Below is a two-way table showing the types of college sports played by men and women.

Soccer Basketball Lacrosse Total
Women 8 8 4 20
Men 4 12 4 20
Total 12 20 8 40
Table 1.28

Given these data, calculate the marginal distributions of college sports for the people surveyed.

2.

Below is a two-way table showing the types of college sports played by men and women.

Soccer Basketball Lacrosse Total
Women 8 8 4 20
Men 4 12 4 20
Total 12 20 8 40
Table 1.29

Given these data, calculate the conditional distributions for the subpopulation of women who play college sports.
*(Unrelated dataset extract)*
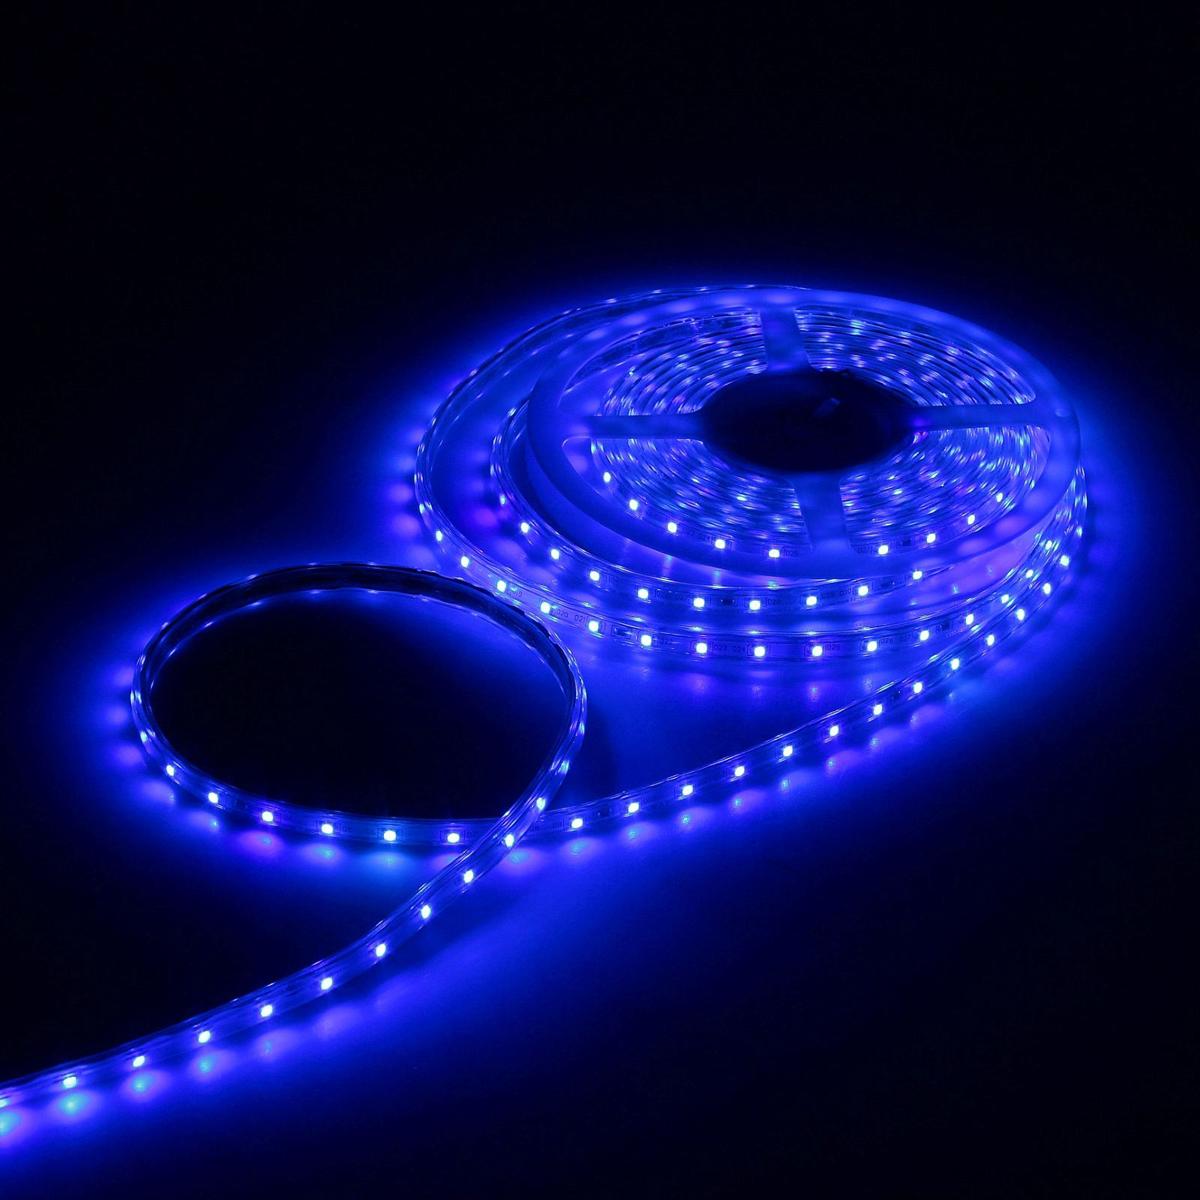 Светодиодная лента Luazon, 220В, SMD3528, длина 5 м, IP65, 60 LED ламп, 3.3 Вт/м, 6-7 Лм/1 LED, AC, цвет: синий883965Светодиодные гирлянды, ленты и т.д — это отличный вариант для новогоднего оформления интерьера или фасада. С их помощью помещение любого размера можно превратить в праздничный зал, а внешние элементы зданий, украшенные ими, мгновенно станут напоминать очертания сказочного дворца. Такие украшения создают ауру предвкушения чуда. Деревья, фасады, витрины, окна и арки будто специально созданы, чтобы вы украсили их светящимися нитями.

Use the following information to answer the next five exercises. Studies are often done by pharmaceutical companies to determine the effectiveness of a treatment program. Suppose that a new viral antibody drug is currently under study. It is given to patients once the virus's symptoms have revealed themselves. Of interest is the average (mean) length of time in months patients live once they start the treatment. Two researchers each follow a different set of 40 patients with the viral disease from the start of treatment until their deaths. The following data (in months) are collected.

Researcher A3; 4; 11; 15; 16; 17; 22; 44; 37; 16; 14; 24; 25; 15; 26; 27; 33; 29; 35; 44; 13; 21; 22; 10; 12; 8; 40; 32; 26; 27; 31; 34; 29; 17; 8; 24; 18; 47; 33; 34

Researcher B3; 14; 11; 5; 16; 17; 28; 41; 31; 18; 14; 14; 26; 25; 21; 22; 31; 2; 35; 44; 23; 21; 21; 16; 12; 18; 41; 22; 16; 25; 33; 34; 29; 13; 18; 24; 23; 42; 33; 29

Determine what the key terms refer to in the example for Researcher A.

3.

population

4.

sample

5.

parameter

6.

statistic

7.

variable

1.2 Data, Sampling, and Variation in Data and Sampling

8.

Number of times per week is what type of data?

a. qualitative (categorical); b. quantitative discrete; c. quantitative continuous

Use the following information to answer the next four exercises: A study was done to determine the age, number of times per week, and the duration (amount of time) of residents using a local park in San Antonio, Texas. The first house in the neighborhood around the park was selected randomly, and then the resident of every eighth house in the neighborhood around the park was interviewed.

9.

The sampling method was

a. simple random; b. systematic; c. stratified; d. cluster

10.

Duration (amount of time) is what type of data?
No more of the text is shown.